> [Source material]

*** Begin section ***

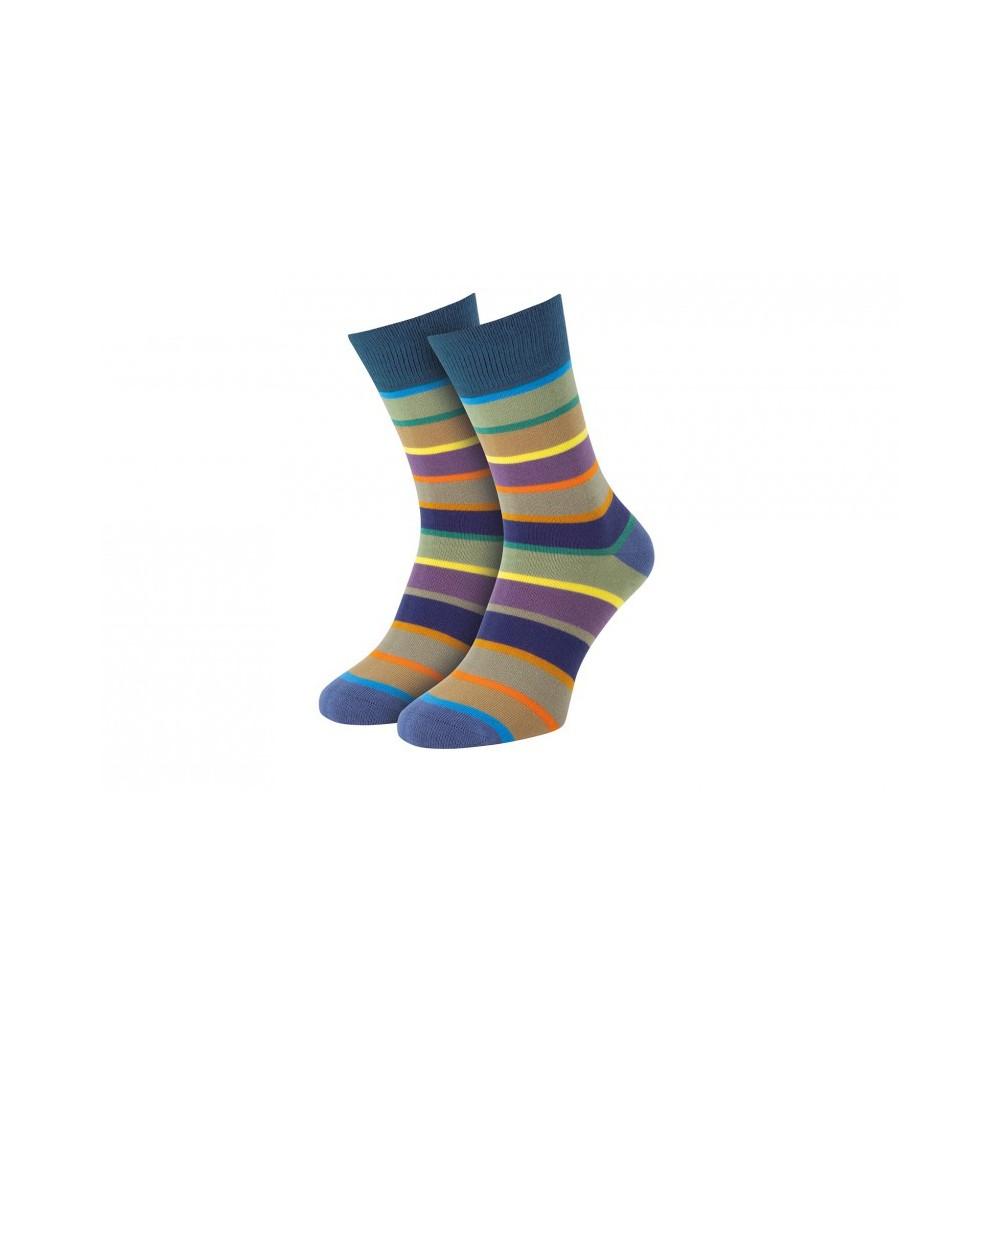 Socken bunt, Herren von Remember
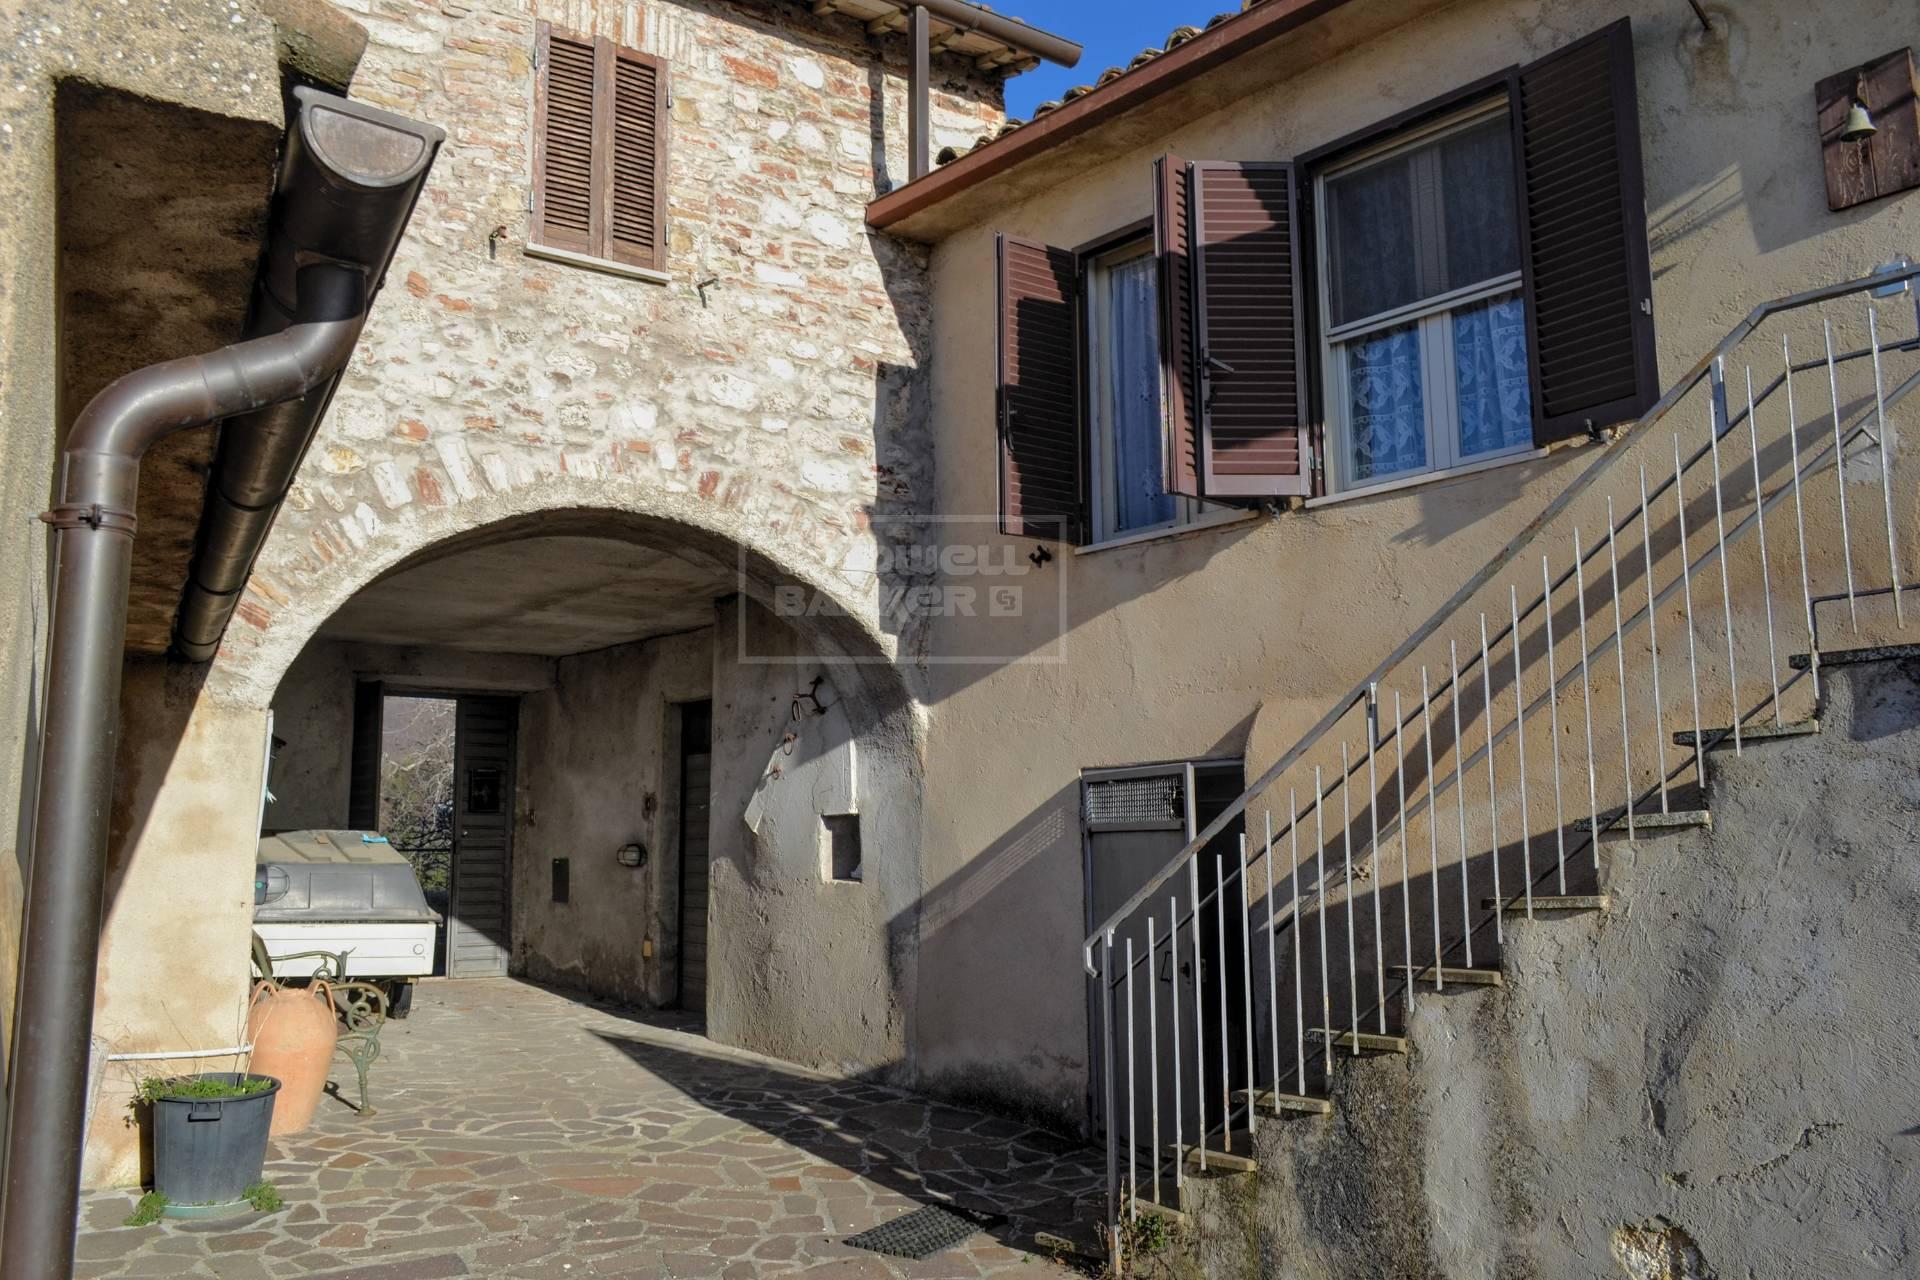 Cbi057 316 roviglieto casa semindipendente in vendita a for Affitto appartamento arredato foligno
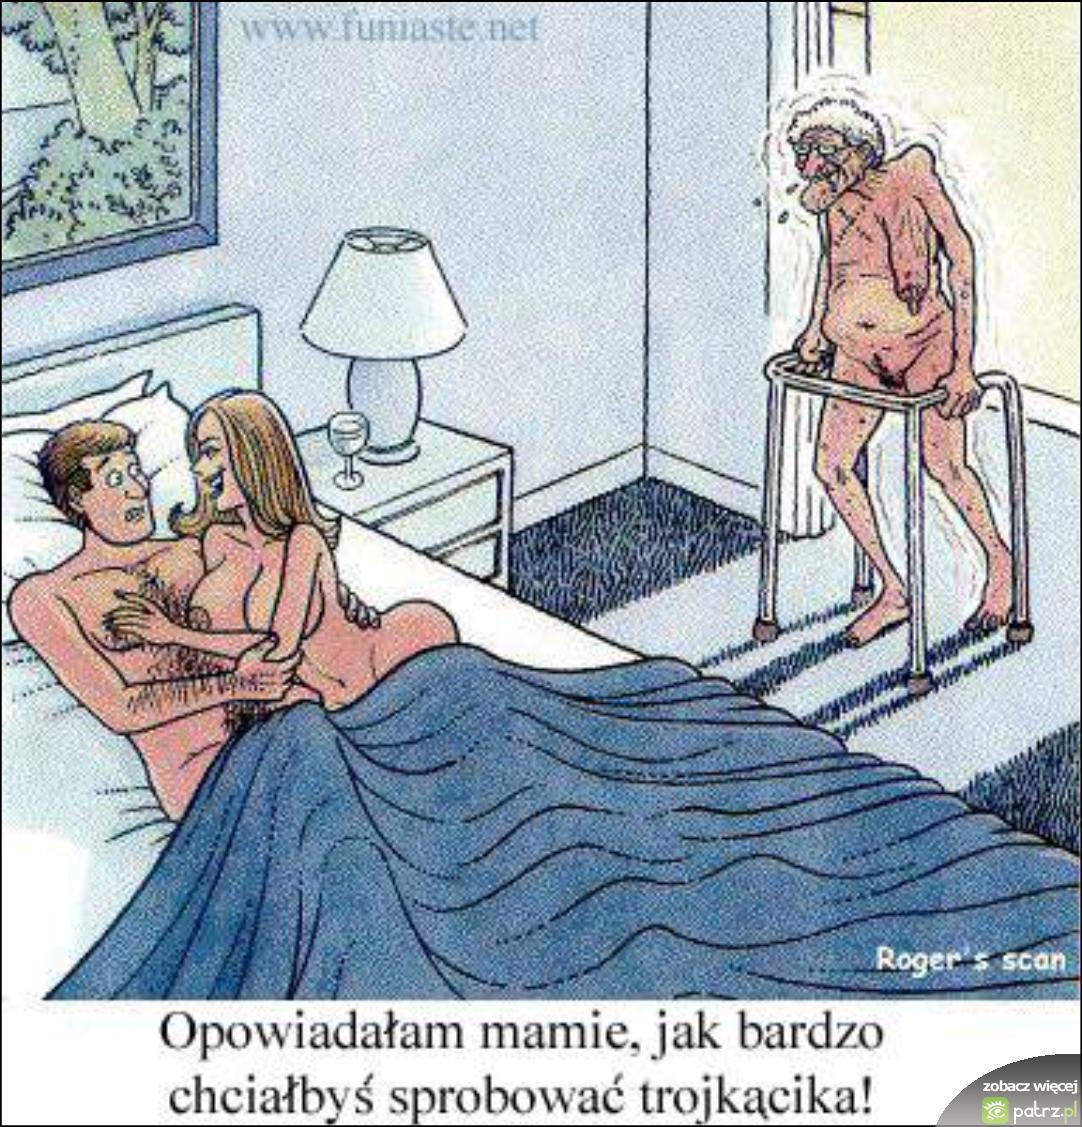 Сексуальная фантазия в прозе 5 фотография
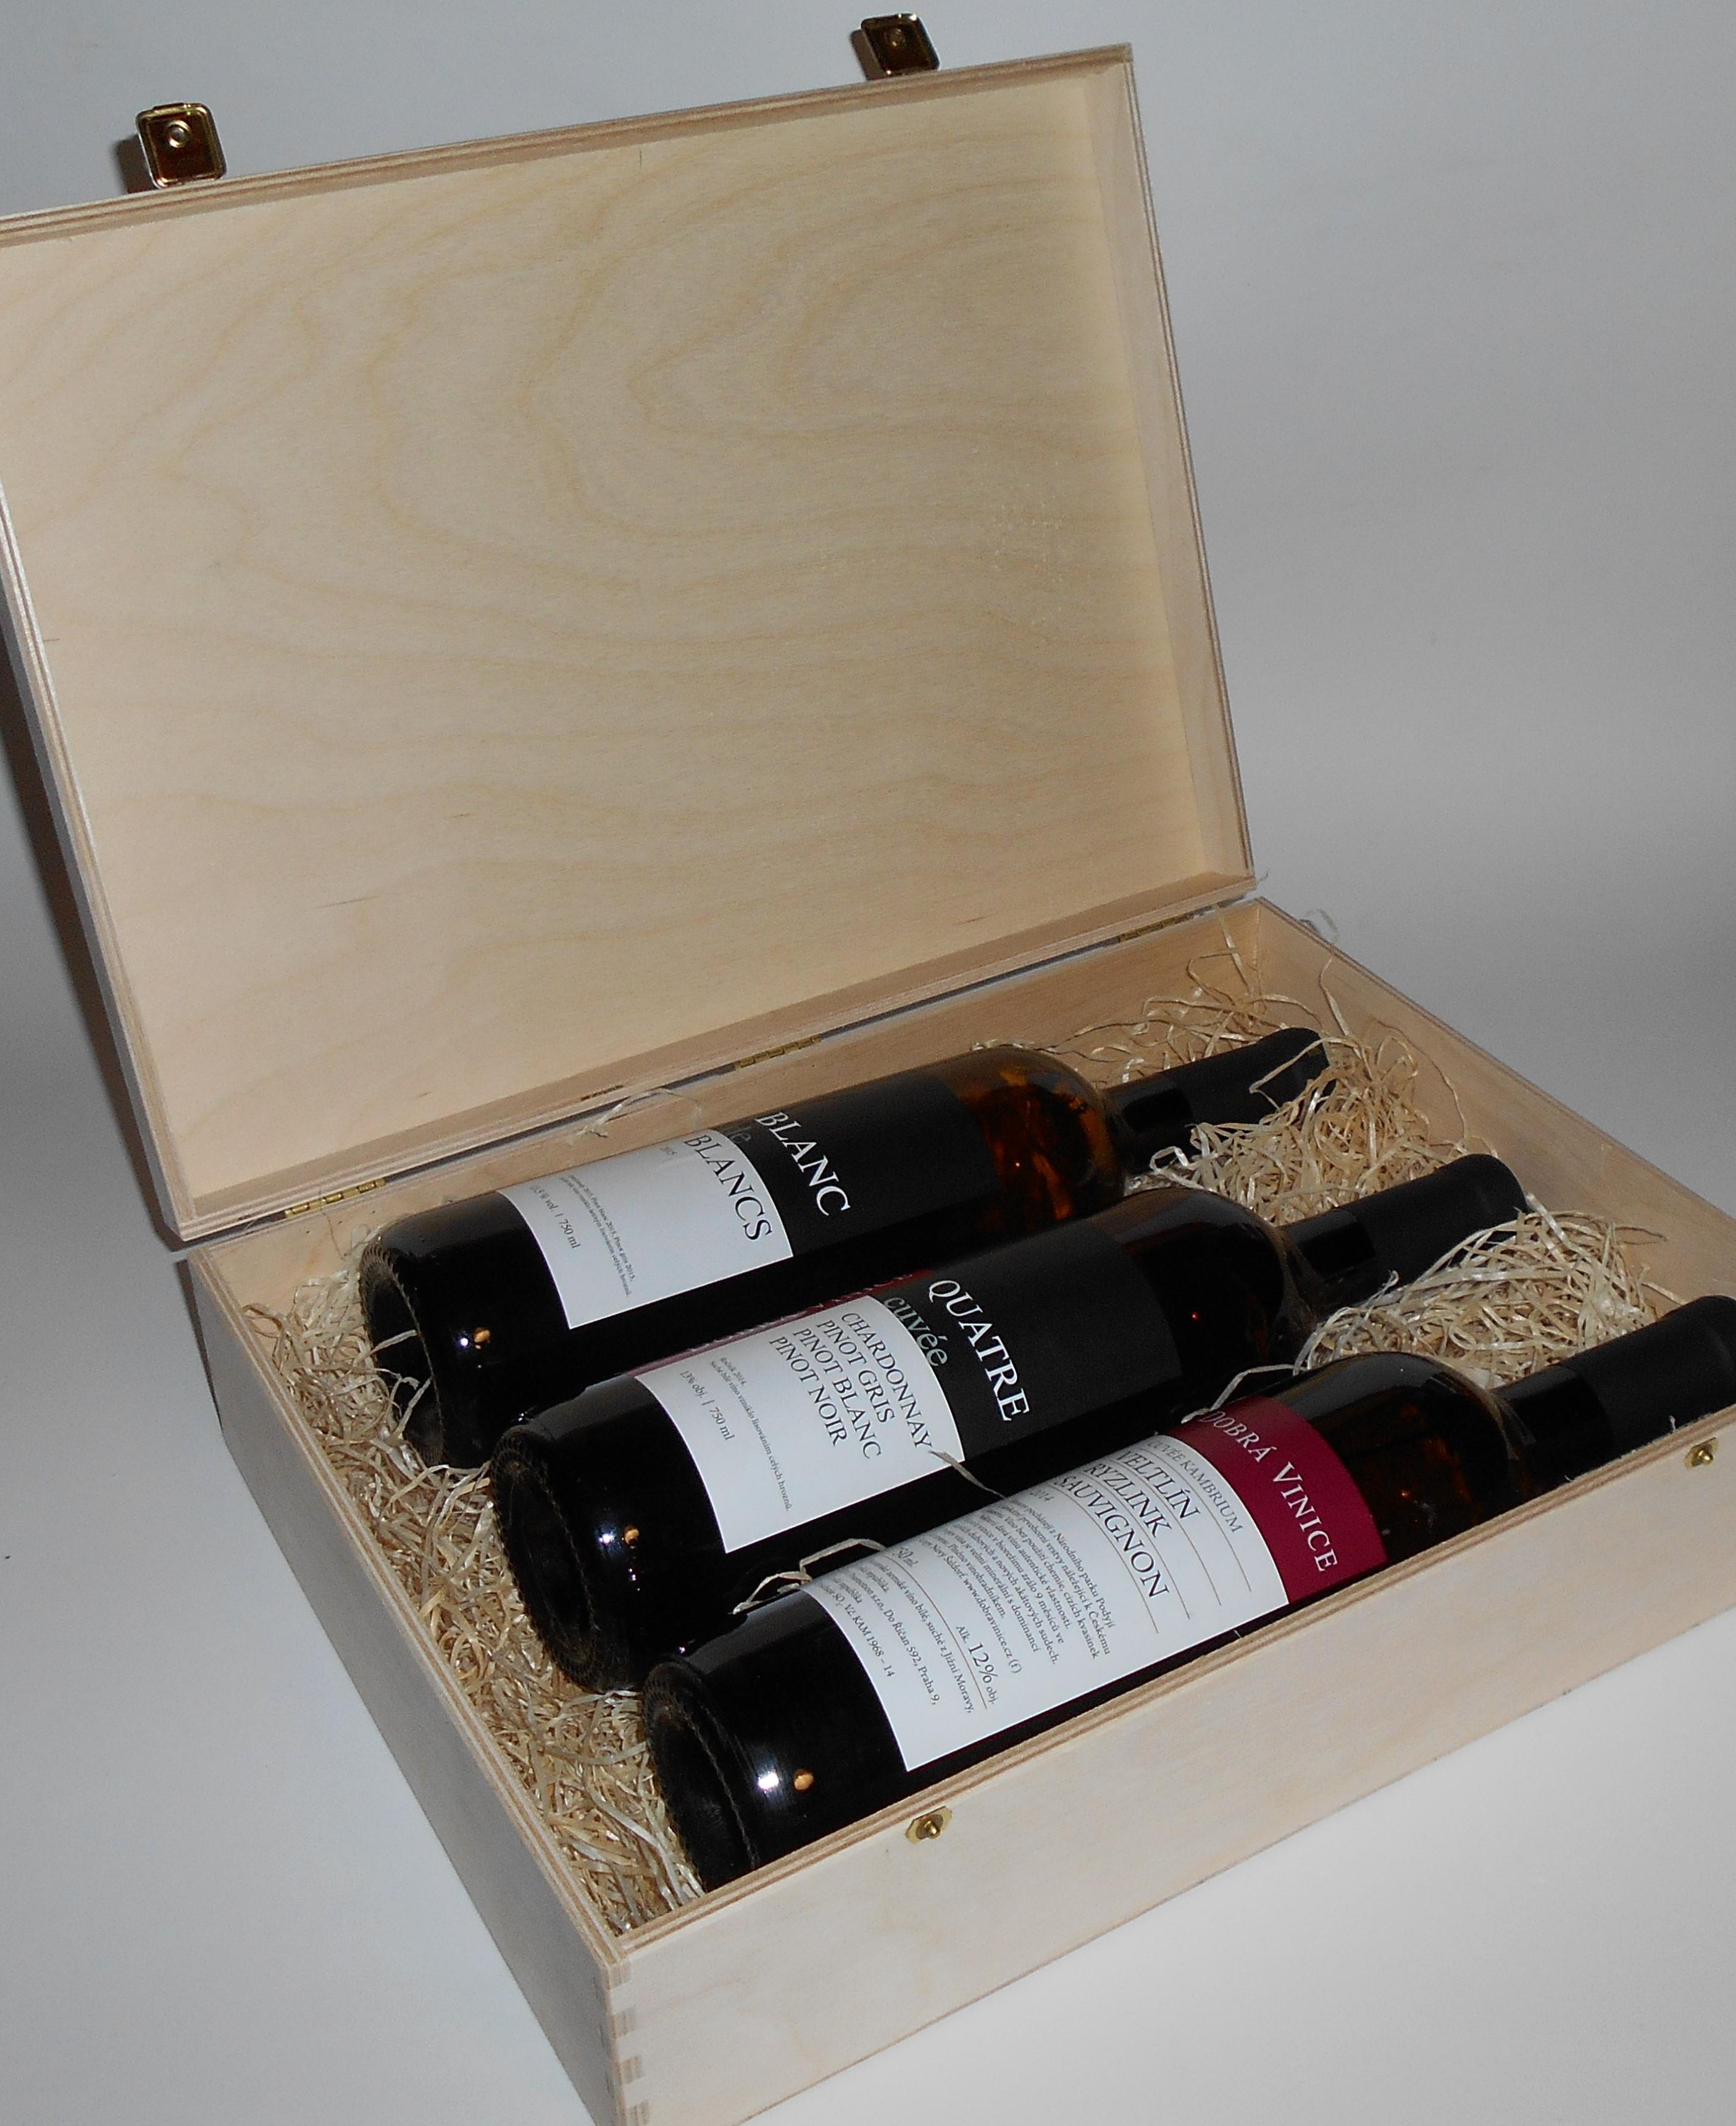 3 lahve vína z vinařství DOBRÁ VINICE v dřevěné kazetě – Blanc de Blancs 2015, Quatre cuvée 2014, Kambrium cuvée 2014

*** End section ***

Instruction for this listing: copy it exactly, but leave the images behind.

> [Problem solution]
 Socken bunt, Herren von Remember
 Cbi057 316 roviglieto casa semindipendente in vendita a for Affitto appartamento arredato foligno
 Сексуальная фантазия в прозе 5 фотография
 3 lahve vína z vinařství DOBRÁ VINICE v dřevěné kazetě – Blanc de Blancs 2015, Quatre cuvée 2014, Kambrium cuvée 2014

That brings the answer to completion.